On 4 July 1895, four stanzas of 'America the Beautiful' were published in the Congregationalist. In 1904 she rewrote the poem, and the Boston Evening Transcript published it in this form. A further small change a few years later put the song into its final form. Special Collections owns a signed holograph of the second stanza of 'America the Beautiful.'

The Fourth of July, 1991, will be the 60th anniversary of the first public singing of 'America,' by Sunday- school children at the Park Street Church in Boston, for which occasion the poem, by Samuel Francis Smith, was first printed. This Library has one of only a few known copies. Dartmouth's copy is the one used by the Reverend Dr. William Jenks when he conducted the first singing of 'America' and is signed by him at the top of the broadside. The broadside measures 30 by 16.5 centimeters and includes on the verse notes in Dr. Jenks's own hand. 

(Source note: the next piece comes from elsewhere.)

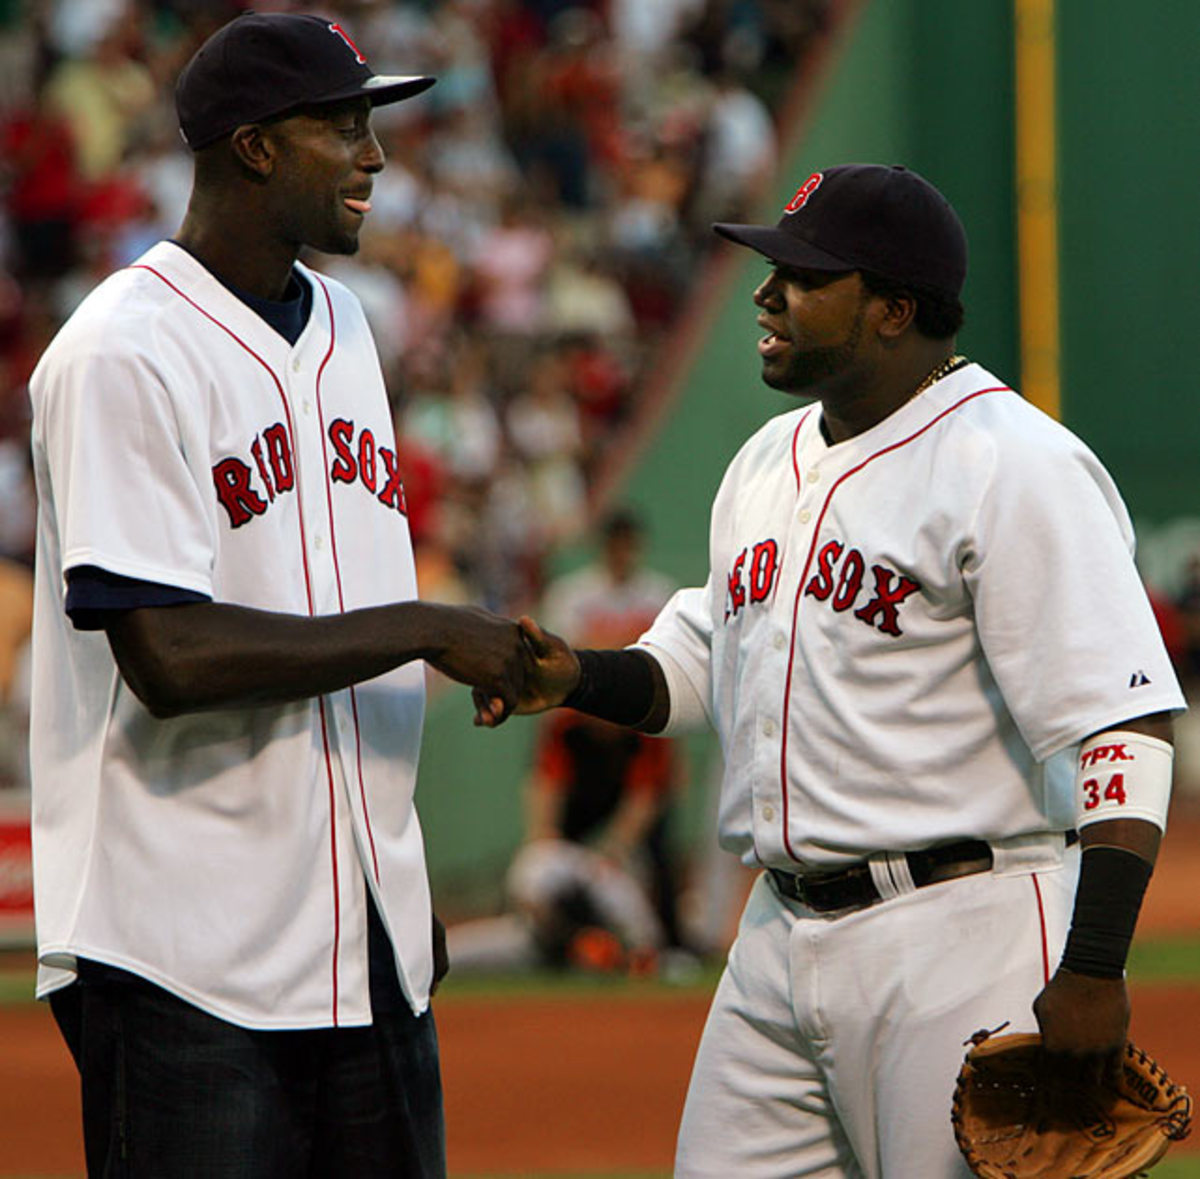 Kevin Garnett and David Ortiz

Samuel Smith was a Baptist minister and a member of the Class of 1829 at Harvard and the Class of 1832 at Andover Theological Seminary. During his course work at Andover, he was asked to assist in writing verses for a song book to be used in schools. In February 1831, inspired by the tune of a patriotic German song, Smith later recalled, 'I . . . instantly felt the impulse to write a patriotic hymn of my own to the same tune. Seizing a scrap of waste paper, I put upon it, within half an hour, the verses substantially as they stand to-day.' 2 The tune that had itself inspired the German verses had been published in England in 1744, with the first line reading 'God save our Lord the King,' later changed to 'God save our gracious king.' The song soon became popular and in time was accepted as the national anthem of Great Britain.

David J. Fant, in a leaflet distributed by the Park Street Church to the public today, quotes from Smith's classmate, Oliver Wendell Holmes, referring to the 'My' in 'My Country, 'Tis of Thee.' Holmes said that 'That little pronoun did it all, and will forever do it.... Why couldn't any of the rest of us have thought of that? That puts America in the hearts of the people, and because of it Sam Smith will live when Longfellow and Whittier and all the rest have gone into oblivion.' While these two venerable poets have obviously not faded into oblivion, 'America' does still live on.